En algún legajo suelto encontramos la siguiente inscripción marginal, escrita en tinta azul marino: “Tomé nota de lo más notable que contiene este testamento, el día 23 de marzo de 1910. Firmado: José Pérez Benítez Montero Porras... La casa en que vivió y murió D. Pedro Montero de Espinosa Santisteban y Martel, se conservó en los descendientes de Don Alonso Quijada hasta el año de 1906 que vendieron la mitad a Manuel Castaño Marín, quedando la otra mitad en poder de Úrsula Zamudio Quijada mujer de Victoriano Domínguez. En esta casa vivió y murió también a los 87 años de edad D. José Zamudio Sánchez, presbítero y último beneficiado de esta villa, que fue coadjutor de esta parroquia. La portada de cantera que tenía la referida casa, y que según declara en este testamento D. Pedro Montero fue costeada por él, la derribó el Castaño Marín al obrar su casa, colocando sus sillares o cantos en la pared que hay frente a su puerta. El escudo de armas de los Quijadas fue colocado por indicación mía en la puerta de la casa de Victoriano Domínguez, en la orla que rodea dicho escudo, dice fue hecho por D. Gabriel Quijada el año de 1662, y á los lados del escudo había otra inscripción con la fecha del año 1152, que quería indicar la antigüedad de nobleza de la familia Quijada, cuyo solar estaba en la ciudad de León” Firmado: J.P.B La dueña de la casa me aclara un poco las cosas.

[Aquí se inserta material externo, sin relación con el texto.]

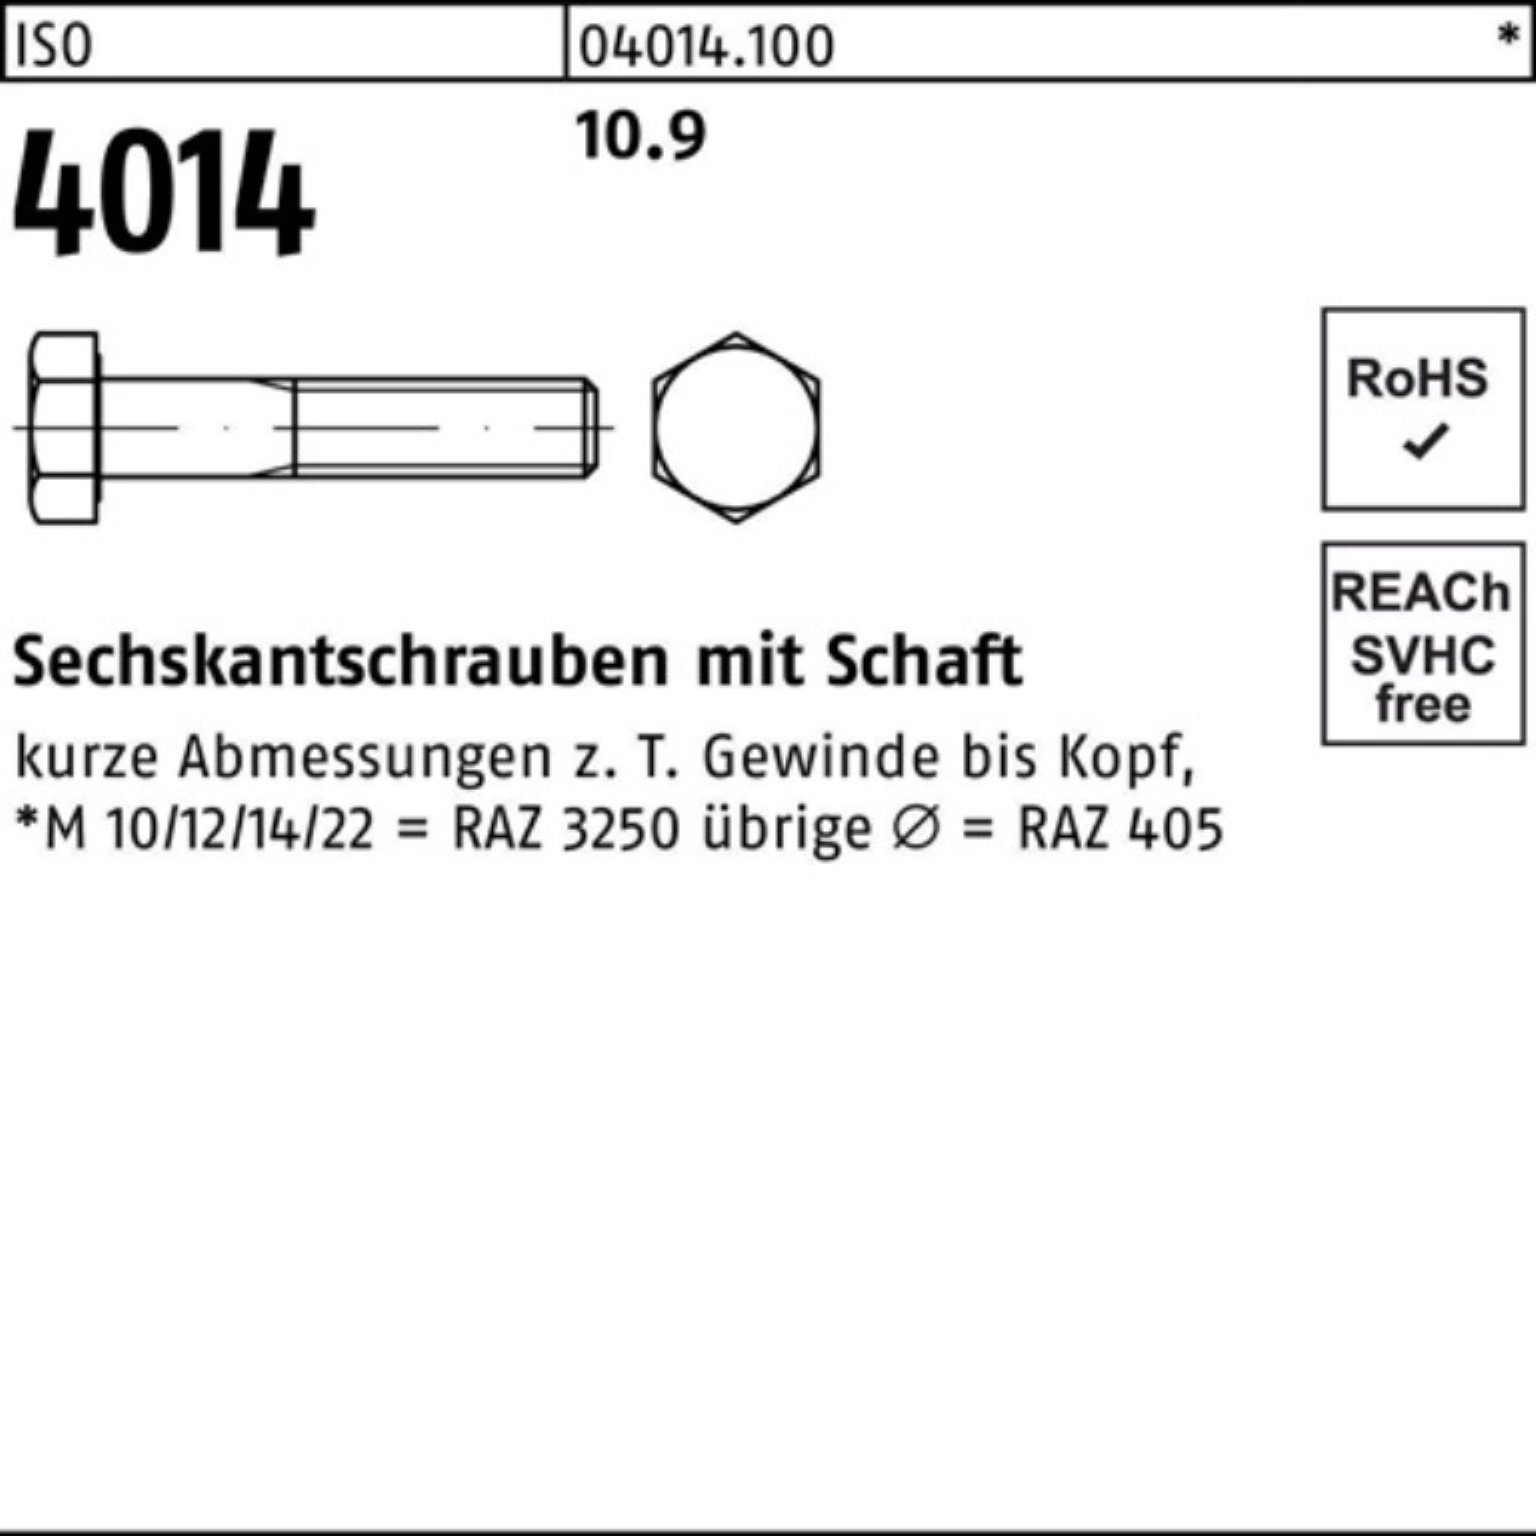 50 100er I 4014 Schaft 10.9 ISO 200 Sechskantschraube Bufab Pack M10x Stück Sechskantschraube
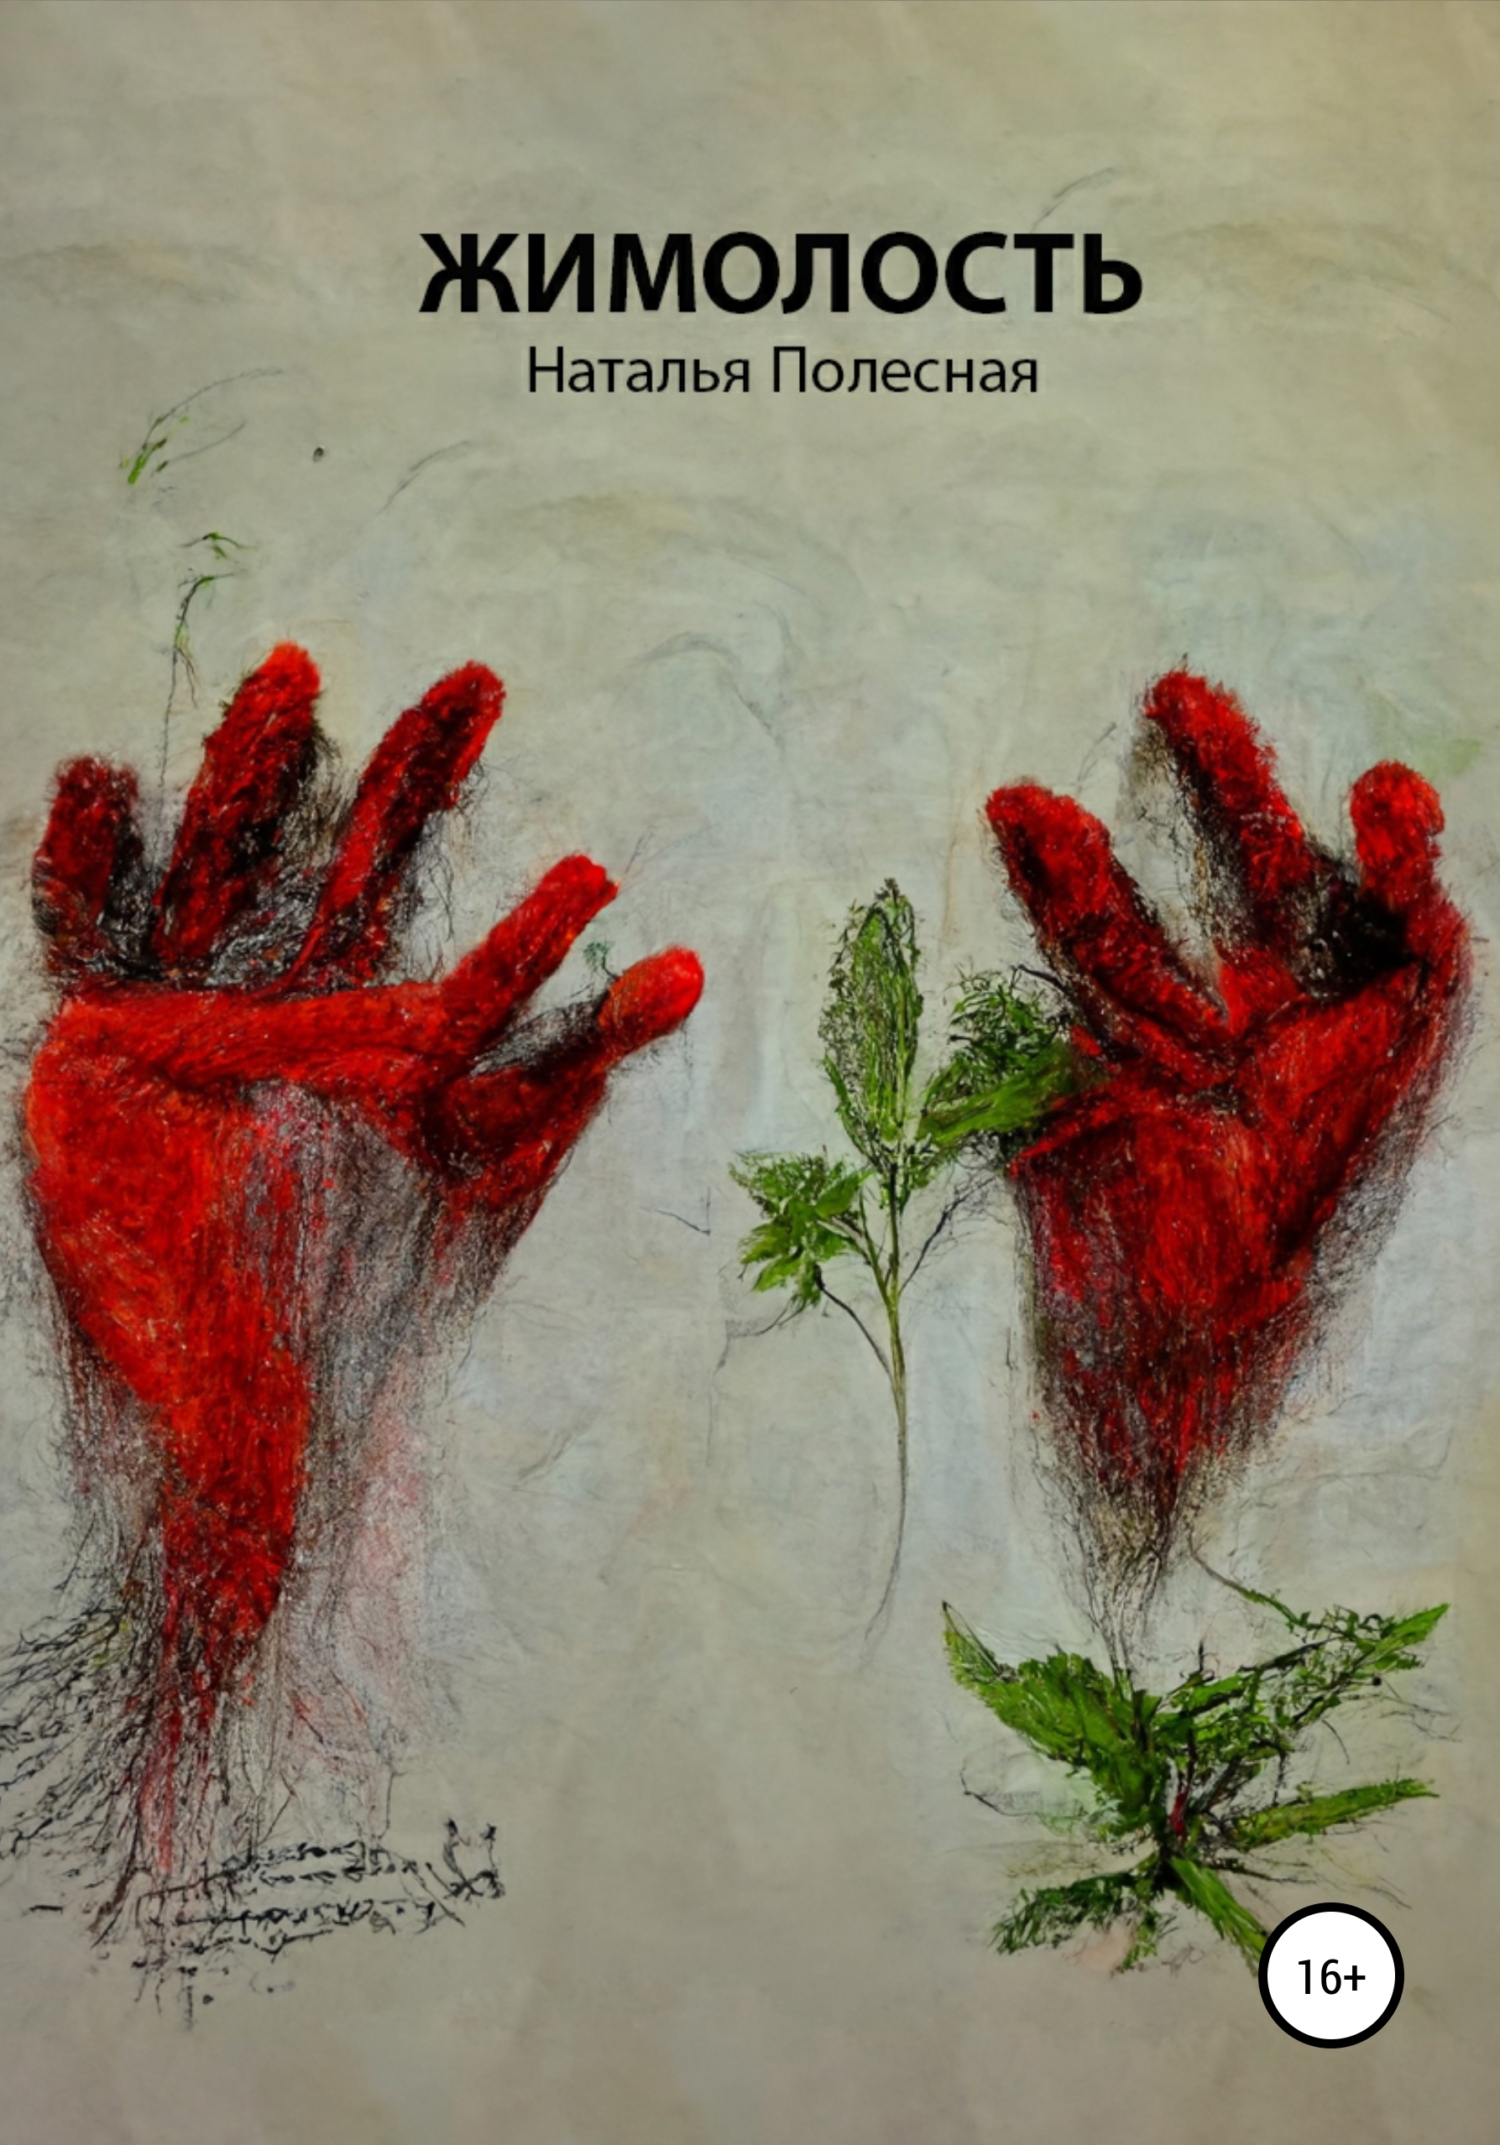 Пьеса «Жимолость», , Наталья Полесная – скачать книгу бесплатно fb2, epub,  pdf на ЛитРес

En lo que un día fue el cine de verano, se levantaba en tiempos la casa solariega de D. Pedro Montero de Espinosa Santisteban y Martel, hidalgo setenileño del siglo XVIII que aparece reiteradamente en testamentos, escrituras de compraventa y limpiezas de sangre. Murió este hombre sin descendencia y su testamento es un auténtico compendio de la historia del Setenil desde la conquista hasta sus tiempos. Mantuvieron la casa sus descendientes hasta 1906, cuando fue vendida y derribada, pero por mediación de José Pérez Benítez se mantiene el escudo en una estancia de la nueva vivienda.
Con el tiempo la casa fue destinada a cine y salón de celebraciones, con lo que nuestro escudo sería testigo mudo de las bodas y demás eventos de tantos y tantos setenileños. Así hasta mediados de los años sesenta cuando se realizan obras en el edificio y se procedió a demoler un muro del salón donde lucía el blasón. Juan Carrasco, conociendo el escudo por ser el propio de su familia, se lo pide a Juan Domínguez, propietario del cine, y este le propone que a cambio le ceda el que adorna el dintel de su casa, blasón heráldico de los Molinillo. De esta manera se llega al acuerdo; el escudo de los Quijada se coloca en la casa de Juan Carrasco mientras Juan Domínguez se quedaría con el de los Molinillo. Esa era la idea, pero arrancar este último y sacarlo del dintel donde está inserto significaría su destrucción por estar hecho en arenisca, un material muy maleable y por ser una misma pieza con la portada dieciochesca.
Finalmente Juan Domínguez cede en su empeño y se conforma con el pago de tantos cartones de huevos como sean necesarios para insonorizar las paredes de su flamante cine. De esta manera, en la portada de la casa de Juan Carrasco Pérez, descendiente de aquel D. Pedro Montero de Espinosa Santisteban y Martel, se mantendría el escudo de los Molinillo, mientras en su interior, en el patio de columnas, luce el propio de su familia, ¡el de los Quixada!
Sobre José Pérez Benítez encontramos el siguiente comentario de los Hermanos de las Cuevas, cuando se refieren al Archivo Municipal de Setenil: “...ha repasado este archivo un señor que firma don José Pérez, en 1906. Debió de ser un gran lector de escritura procesal, porque algunos documentos aparecen con citas al margen muy concretas. Pérez Aguilar como siempre nos completa el dato. Se trata de don José Pérez Benítez que enfermo, dedicó buena parte de su vida a estudiar los archivos de la villa y en todos ellos puso notas marginales muy prácticas para su estudio. Un hombre benemérito en definitiva”.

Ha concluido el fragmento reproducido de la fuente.